I have the Nextbase 402g in mine, but think i need a bigger sc card, as when it fills it up instead of looping it just stops recording, No doubt there's a setting in there I havn't changed but for now I just format the card again and start over. It has a shock sensor which automatically activates it , but i think this is possibly the most pointless feature ever, as the internal battery only lasts 6 minutes and the camera only faces forward so if it got knocked in a carpark etc unless it got hit from the front you wouldn't catch anything anyway.

Luckily i got it on a super deal for under £99 including the carry kit and 8gb sd card,about a week later it went back up to over £149 at halfords.


----------



## Serious Performance (Oct 26, 2005)

shane_ctr said:


> http://www.ebay.co.uk/itm/161387517335?_trksid=p2057872.m2749.l2648&ssPageName=STRK:MEBIDX:IT
> 
> Im using this will take a picture and upload later.:thumb:


I use one of these on my road bike attached under my Garmin. Very good for the price, and it even survived a 12ft shark trying to have a nibble on it in Hawaii 

Have a 402g that I swap about but it's quite big and bulky. Picture quality is excellent though.
DLGWRX02 - There should be a setting in the menu for the looping .

Also got a cheap Ebay £40 job in my old runaround.. For the price it's great. Tucks under the rear view mirror so never seen, fr & rr + good enough picture quality and has been faultless in the last year or so its been fitted....


----------



## Nanoman (Jan 17, 2009)

I've had one for a couple of years. It's still sitting in a box somewhere. 

I do a fair mileage and while I always aim to drive safely, I don't always agree that to be safe you must obey every rule in the highway code at all times so I wouldn't want to incriminate myself. I really should set it up though, I can always hastily remove the memory card and bite it in half or something if I really screwed up! (Don't pretend you haven't thought about it). 

I've also noticed quite a few times recently where people have been driving like proper idiots who appear to be trying to start an incident... only for me to notice a dashcam. I've noticed it's particularly common among people who hog the right hand lane.


----------



## Bodarville (Nov 5, 2015)

O`Neil said:


> I`d quite like this as an option, being able to leave the camera running in case something happens when you`re not there.
> Or does the Drivepro 200 have a motion sensor?
> 
> So I`m guessing I`d also have to hard wire the camera to have continuous power?

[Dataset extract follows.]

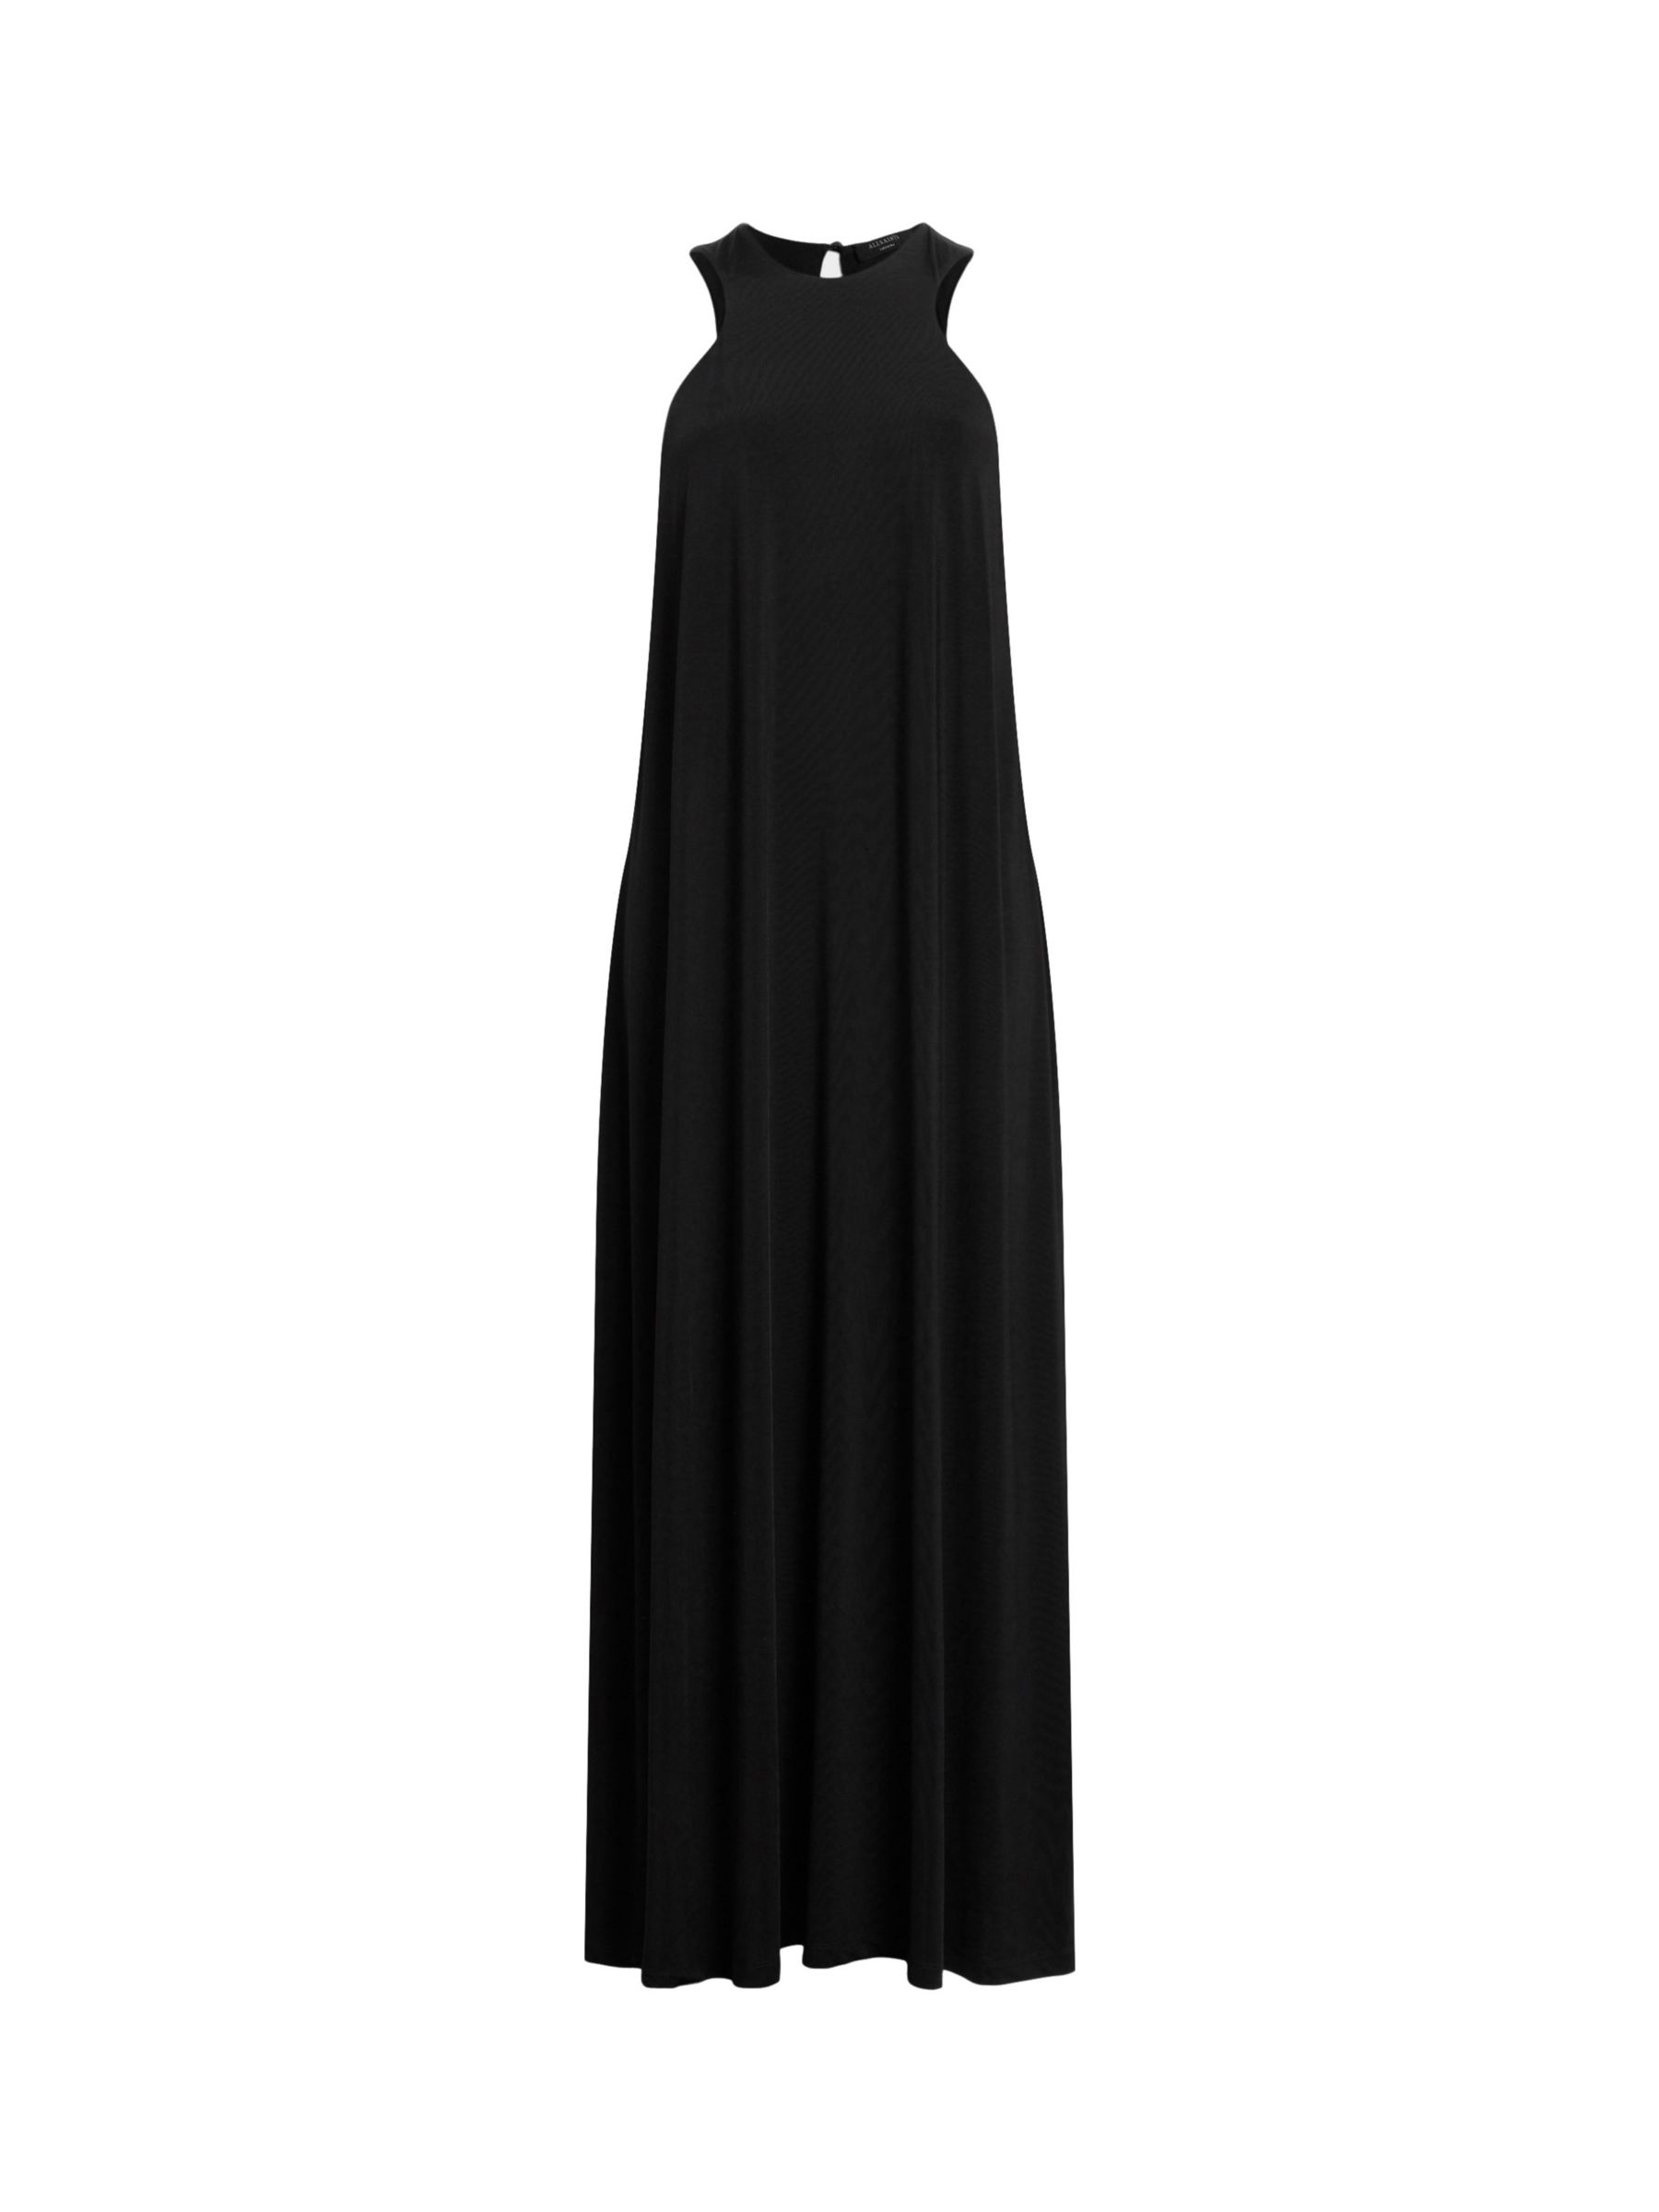 AllSaints Kura Maxi Dress, Black, 12

Both of my cameras are powered from the socket in the arm rest between the front seats so very discreet, none of the wiring is visible.

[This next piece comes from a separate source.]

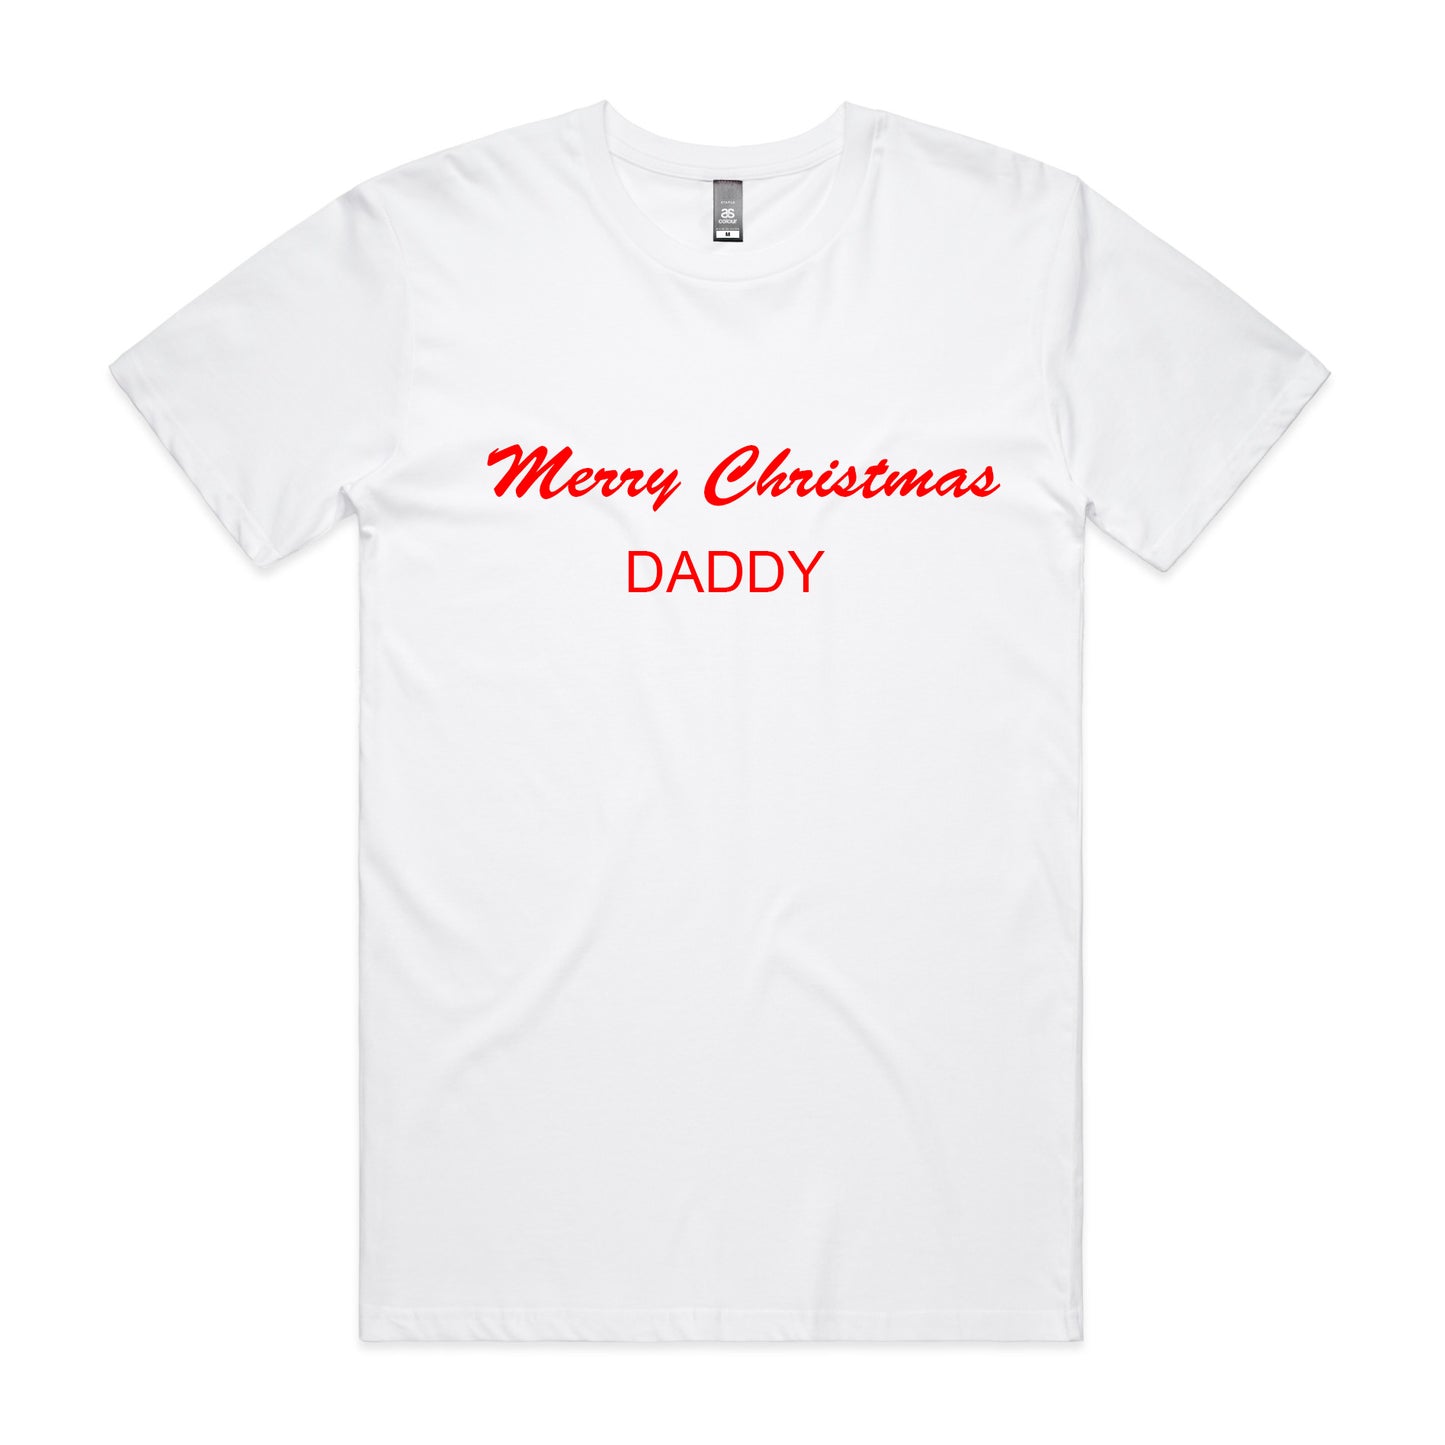 Merry Christmas Slogan - Mens Tee

The Drivepro hasn't got a motion sensor but it's got a shock sensor which if the car is bumped it saves the previous 15 seconds (I think) footage and the footage for a certain period into a separate file. sorry can't remember the time periods off the top of my head.

I have mine set on circular recording so it writes over old footage (not the footage saved in the shock recording files). I also record sound.

Like others I didn't want speed or gps data. Camera footage quality is excellent.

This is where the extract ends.